Šnipiškės was named after a rich merchant Povilas Šnipka (Šnipis), who lived in the 16th century, and owned the land plots in the area. During the Interwar period various tourist guides in Vilnius used the Šnipiškis spelling.

Its alternative names in other languages include: Snipiszki; שניפּישאָק.

==History==
Šnipiškės was first mentioned in the historic documents of Vilnius in the 16th century. In 1536, in order to improve connection with the Vilnius city (the Old Town), Sigismund I the Old, the Grand Duke of Lithuania, ordered Ulrich Hosius to build a bridge over Neris, today known as the Green Bridge. It was a wooden bridge with masonry pillars and gates as well as rooms for the bridge guards and customs officers. Šnipiškės developed near the bridge as a suburb of Vilnius.

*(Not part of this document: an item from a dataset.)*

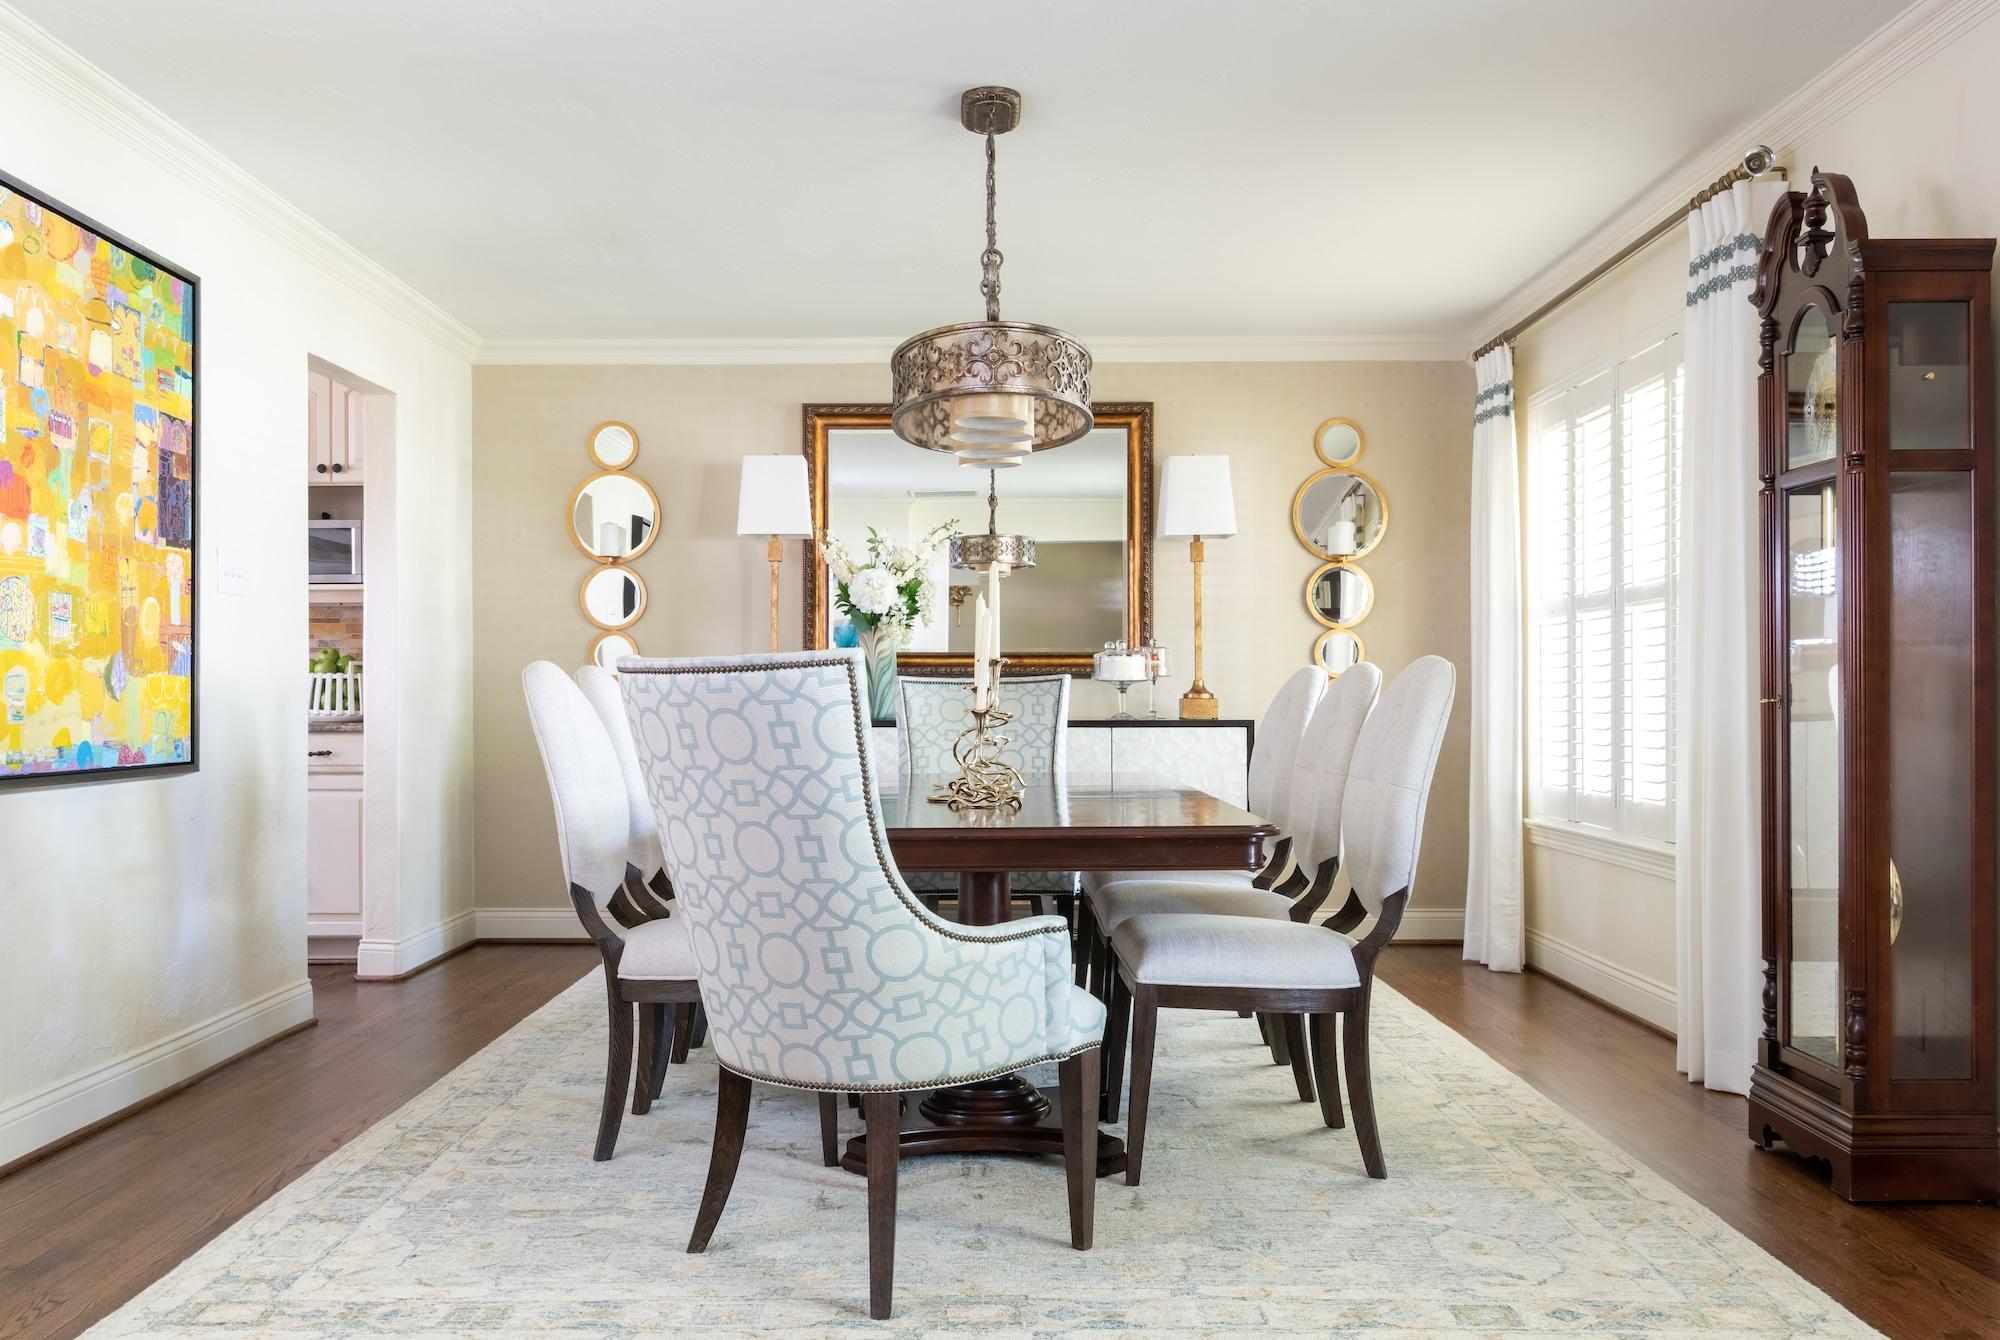 Transitional-Modern-Dining-Room-Design-Trends-2020-Furniture-Art-Deco

In the second half of the 17th century, Šnipiškės were governed by the Astikai family and later by Eustachy Wołłowicz. Over the time, various plots of land in this area were owned by Walerian Protasewicz, the bishop of Vilnius, and the Oginskiai family. In the 17th century, Šnipiškės were mostly owned by the Sapiega family and in 1697 a land plot near Neris was donated to the Jesuit Order by Jan Kazimierz Sapieha.

==Art==
In 2013-2015, a Mosaic Route was developed in the historic part of Šnipiškės, addressing the area's connection with the ceramic workshops, for which the district was well-known in XVII-XVIII centuries. A mosaic route was created by local children and joining adults during Street Mosaic Workshops, initiated by the Laboratory of Urban Games and Research "Laimikis.lt" as part of the historic area's research and cultural revitalisation program. The route embraced Fino, Krokuvos, Kintų streets and a territory between Fino and Kintų. After the renovation of the area in 2021 only some parts of the Mosaic Route remained.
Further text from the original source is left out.